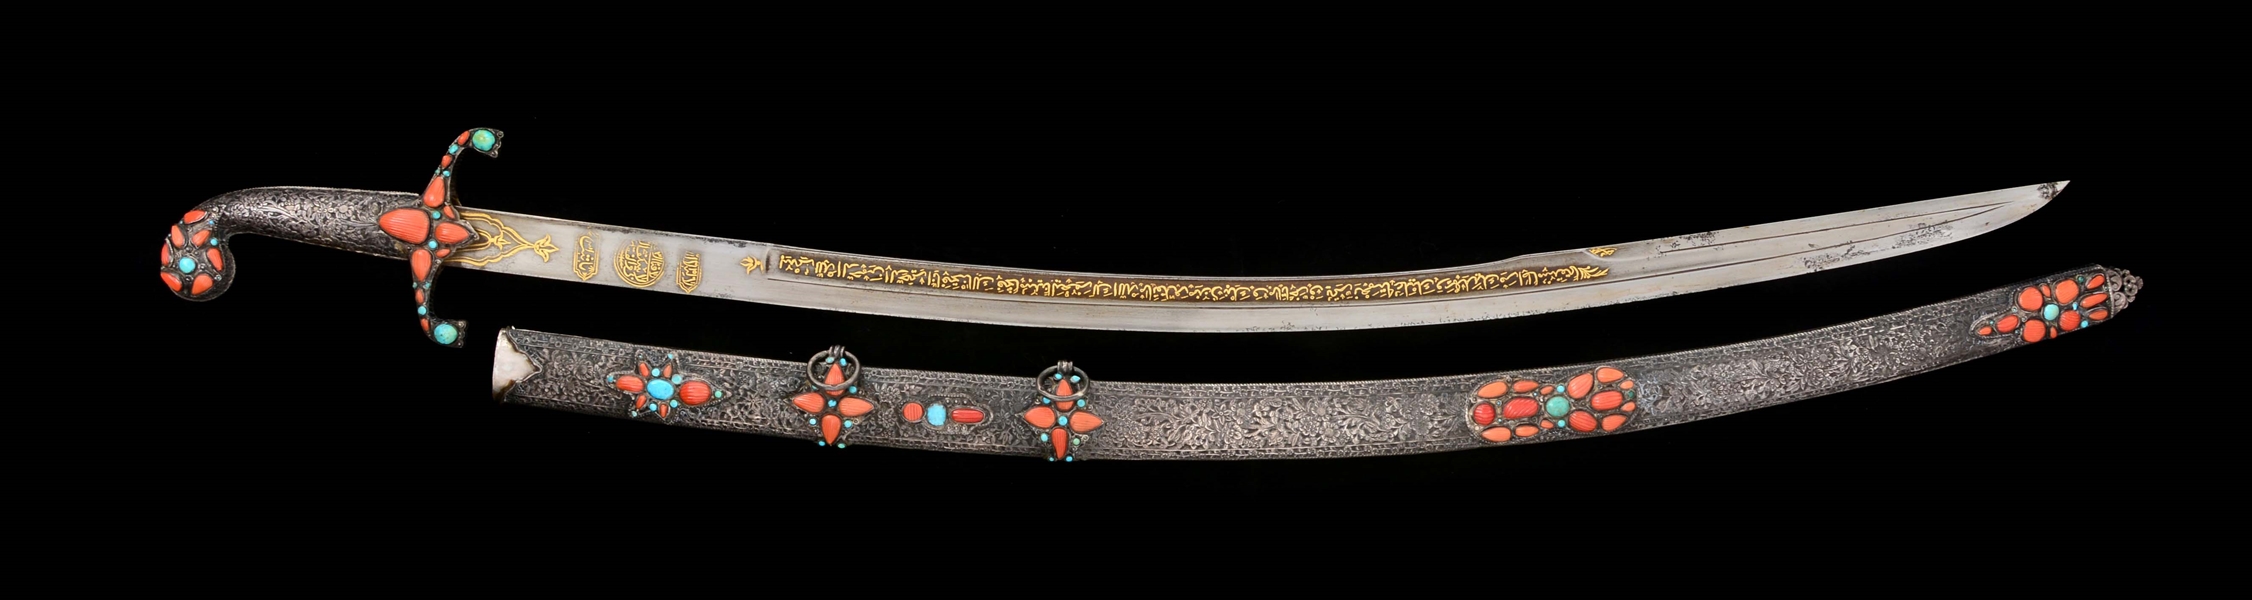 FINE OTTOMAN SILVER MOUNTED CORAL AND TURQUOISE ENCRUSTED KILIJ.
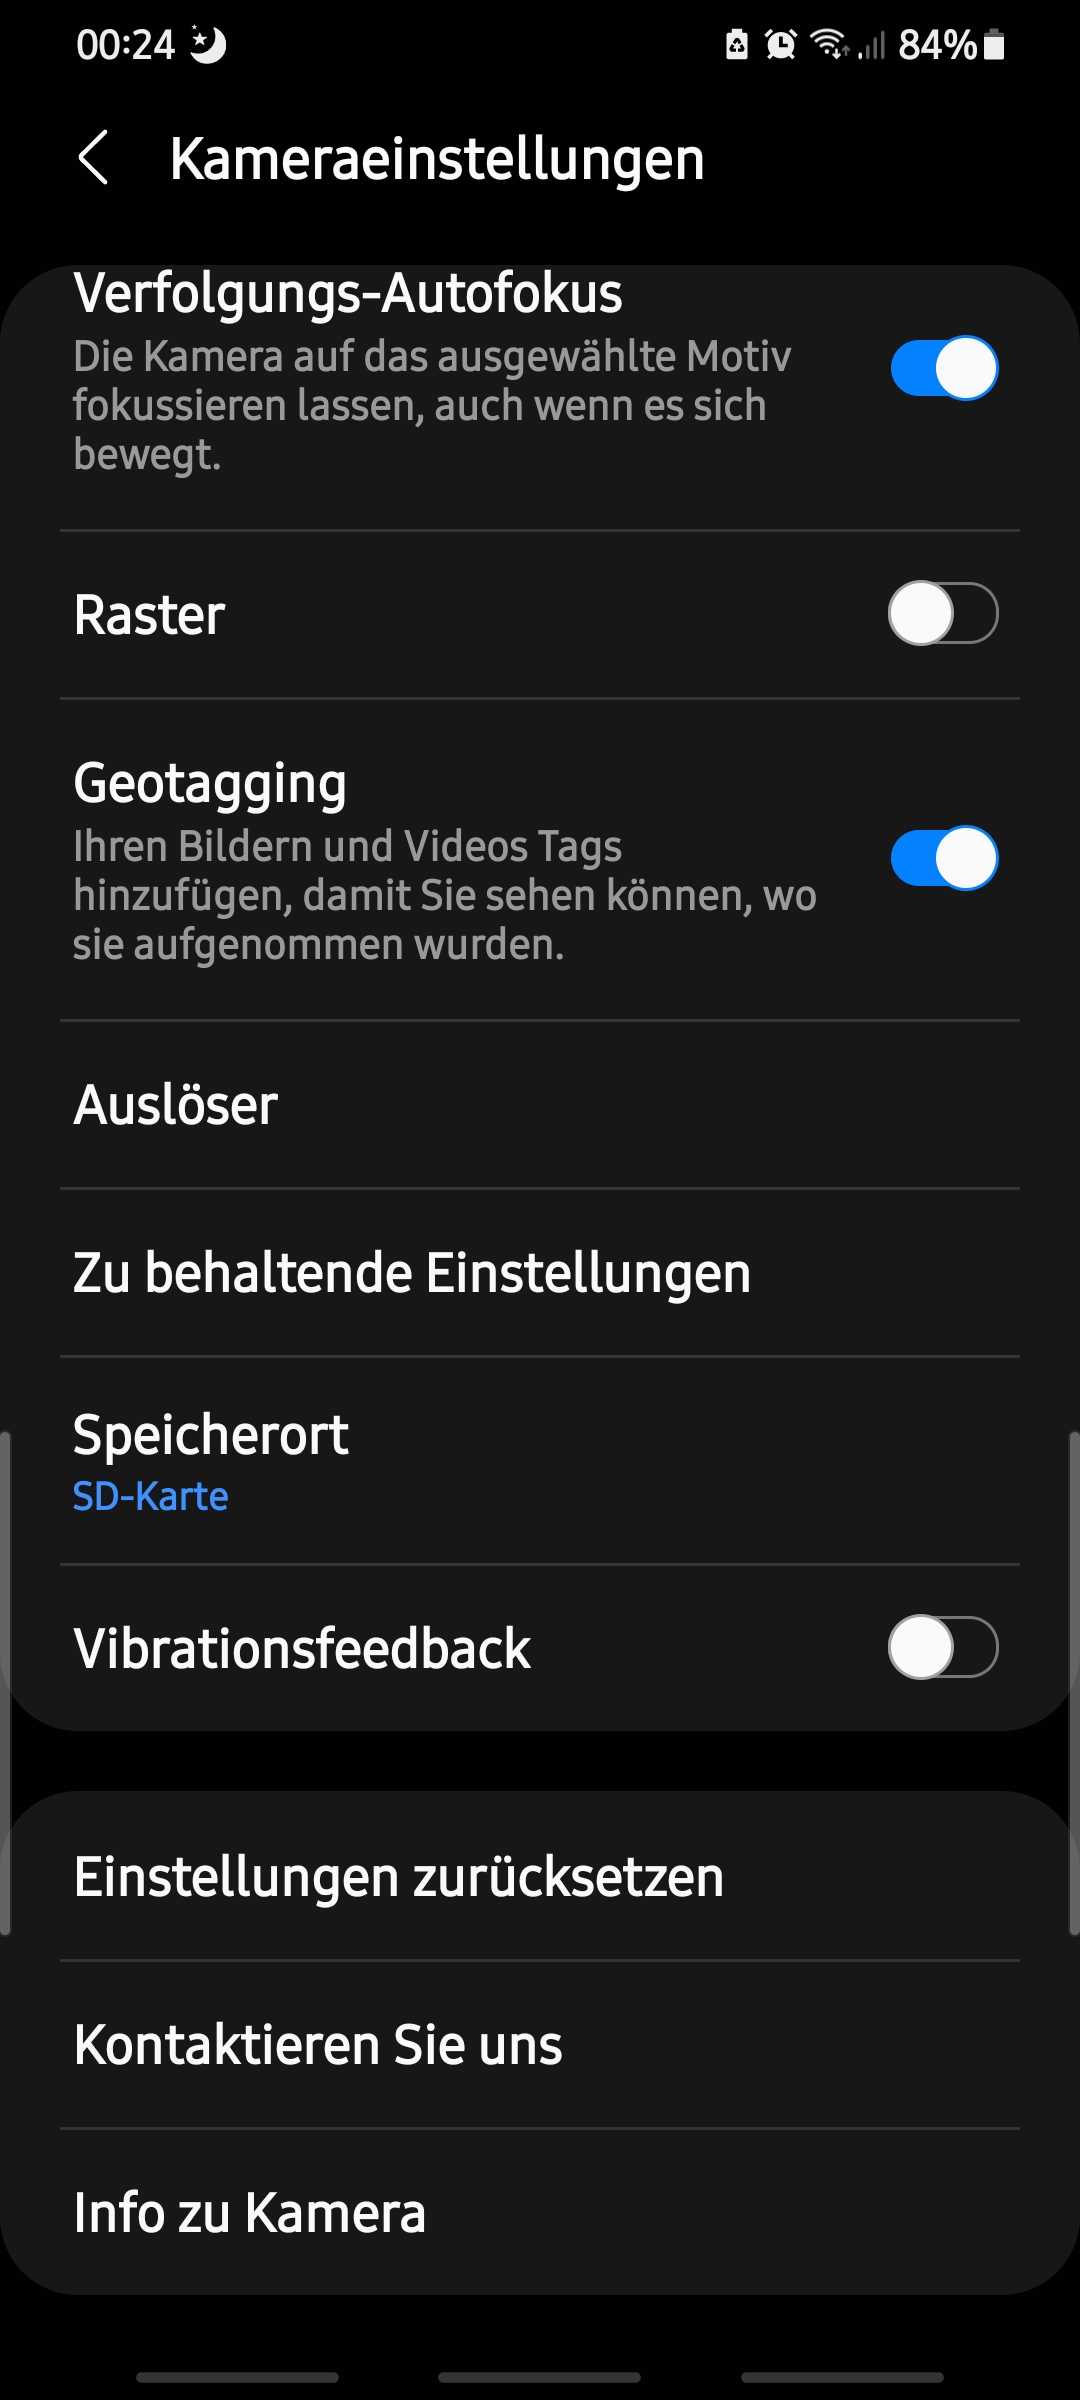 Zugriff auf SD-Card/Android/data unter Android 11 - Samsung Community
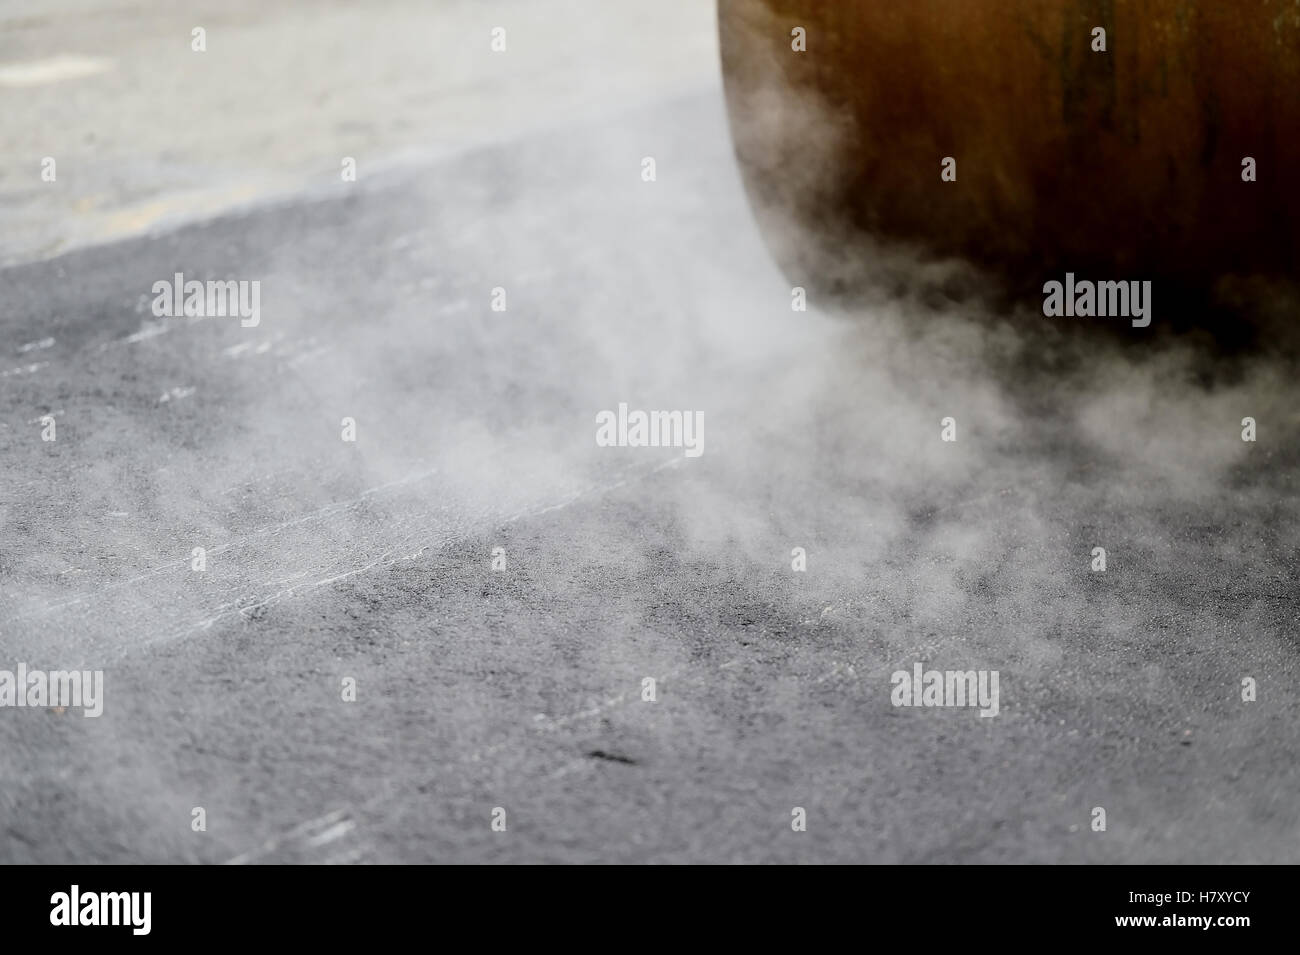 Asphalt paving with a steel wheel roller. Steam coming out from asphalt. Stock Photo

(REQUIREMENT)
Please write out every line of the listing above exactly, and leave the images behind.

(ANSWER SPACE)
 FINE OTTOMAN SILVER MOUNTED CORAL AND TURQUOISE ENCRUSTED KILIJ.
 Zugriff auf SD-Card/Android/data unter Android 11 - Samsung Community
 Asphalt paving with a steel wheel roller. Steam coming out from asphalt. Stock Photo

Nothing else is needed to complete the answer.